# New for me - getting babies to slip with broody hen.



## 7chicks (Jun 29, 2012)

Little excited, and a good amount of nervous. I have an Australorp who went broody about 5 days ago. Lost one of my first girls that I have had since she was a day old chick and had just turned 4 years old this 5/16. Between the sadness of losing Chloe and the temptation of broody Lilah, I ordered 3 day old chicks this morning that will be females. 1 - Silver Laced Wyandotte, 1 - Buff Orpington, and 1 - Ameraucana. 

The babies will be here this next Tuesday June 10th which happened to fall on my day off. My plan is to slip them under Lilah. I've never done this process before so I'm looking for any advice from those who have done this.

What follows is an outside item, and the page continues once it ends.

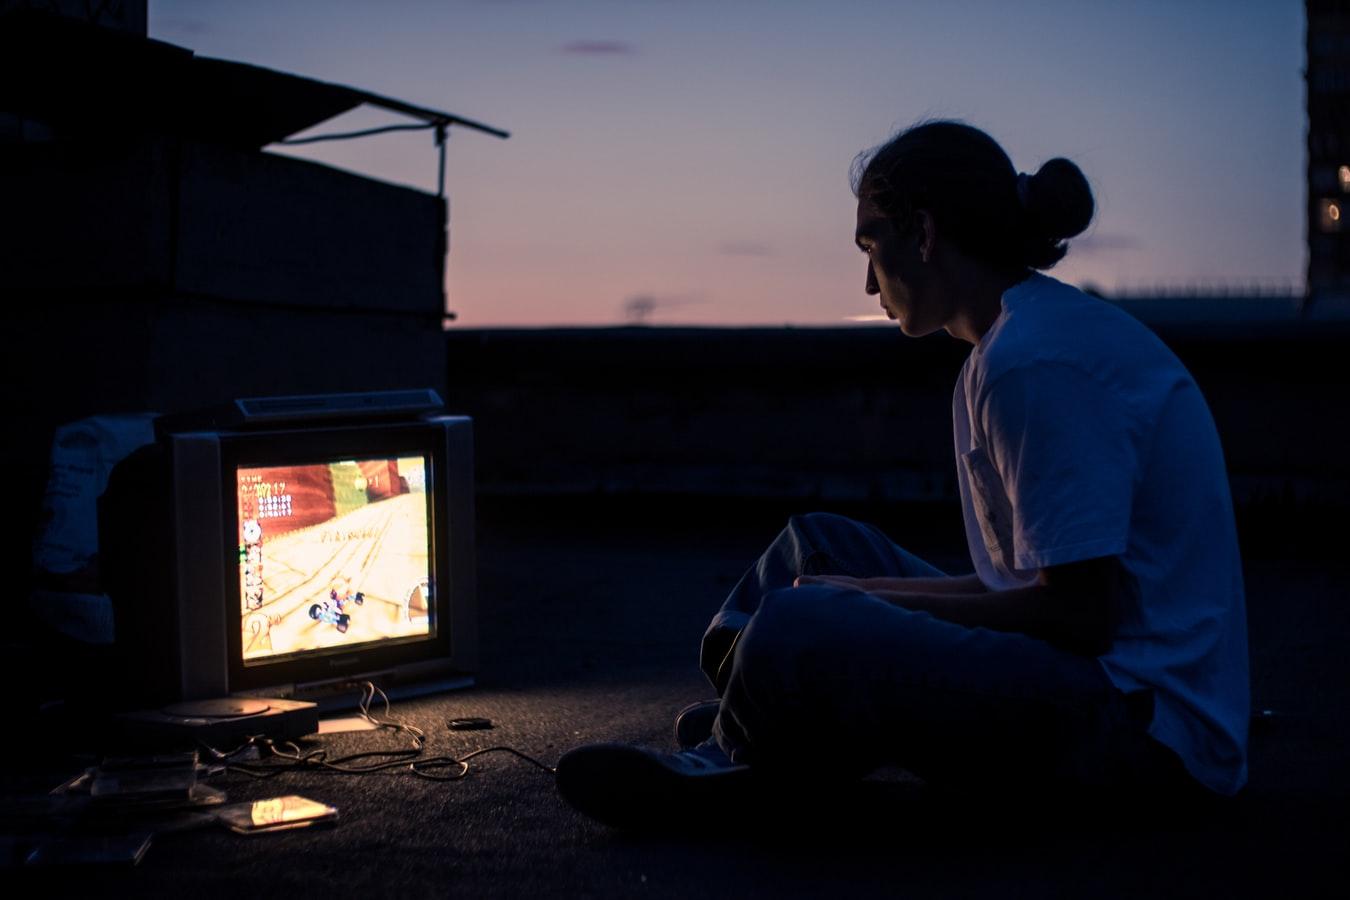 「ゲームで副業は可能?ゲームをしながら稼げる方法とは。」のアイキャッチ画像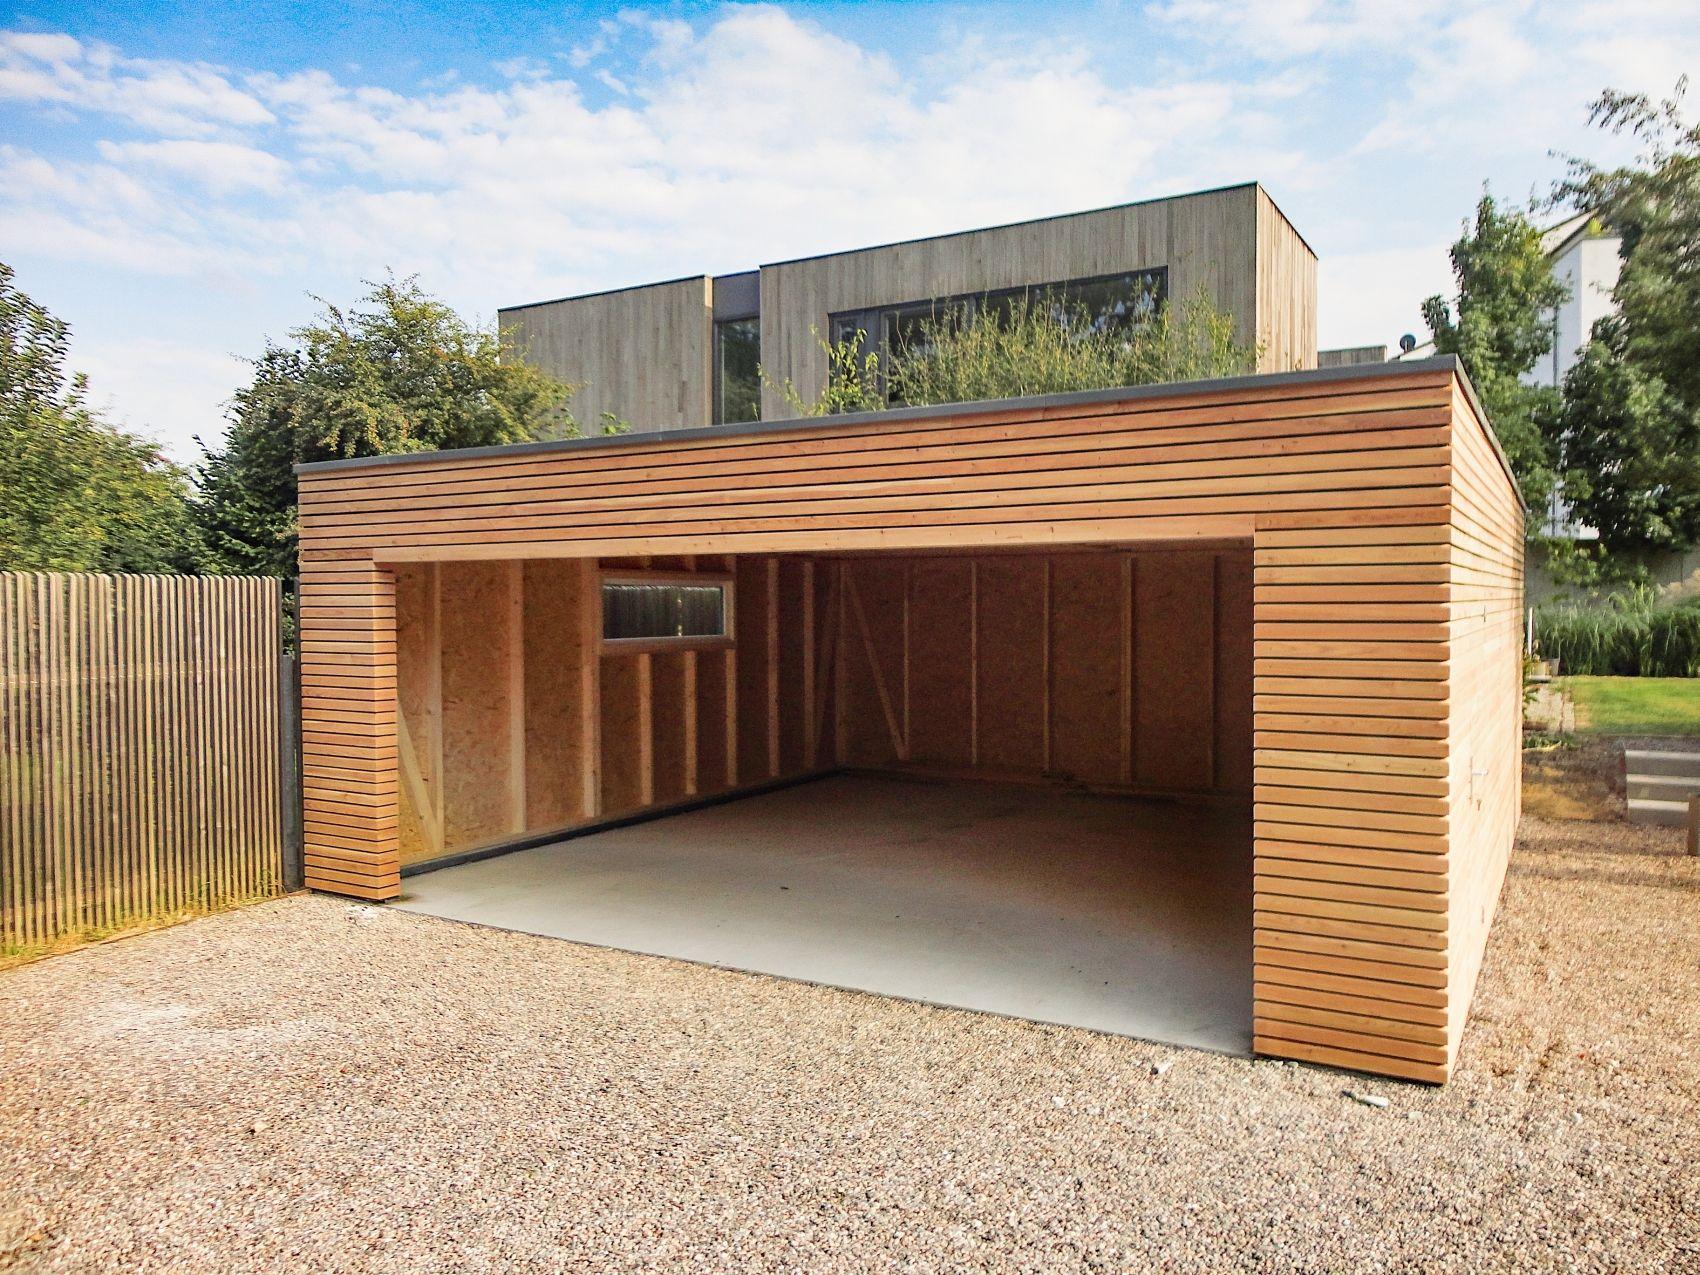 Holzgarage Naturhouse Holzgarage Garage Aus Holz Doppelgarage

I have a tractor coop that I will be beefing up and getting ready for Lilah and the babies to be in. 

Anything in particular I need to know about the breeds I chose and about how to get Lilah to take to the babies?

Thanks for your help.


----------



## robin416 (Sep 8, 2013)

The only challenge you might have is that she hasn't been broody long enough. She might not let you graft the peeps. Keep watch, make sure she accepts them. I don't like saying do it at night because so much could go wrong just before you get out there in the morning.


----------



## 7chicks (Jun 29, 2012)

I plan on introducing her to the babies under supervision while I am home and there to help. I'm not a fan of introducing newbies at night. Chickens are too smart for that.


----------



## robin416 (Sep 8, 2013)

7chicks said:


> I plan on introducing her to the babies under supervision while I am home and there to help. I'm not a fan of introducing newbies at night. Chickens are too smart for that.


LOL Agree with that.


----------



## FarmRookie (Apr 18, 2013)

If she accepts them you will lose the eggs she's sitting on as they will not hatch by the time she leaves the nest. Best to raise the chicks yourself in a brooder and let her hatch the eggs.


----------



## 7chicks (Jun 29, 2012)

The eggs she is sitting on are infertile. I have no roo, just my girls. A couple years ago, I found a handmade wooden egg at a roadside park so I slipped that under her yesterday evening in replacement of one of the real eggs. Plan to look for 2 more fake eggs for her today so I can take out the other 2 real eggs. She took to the wooden egg just fine. Sure is one crabby little lady right now! Glad she always lets me mess with her despite her mood. 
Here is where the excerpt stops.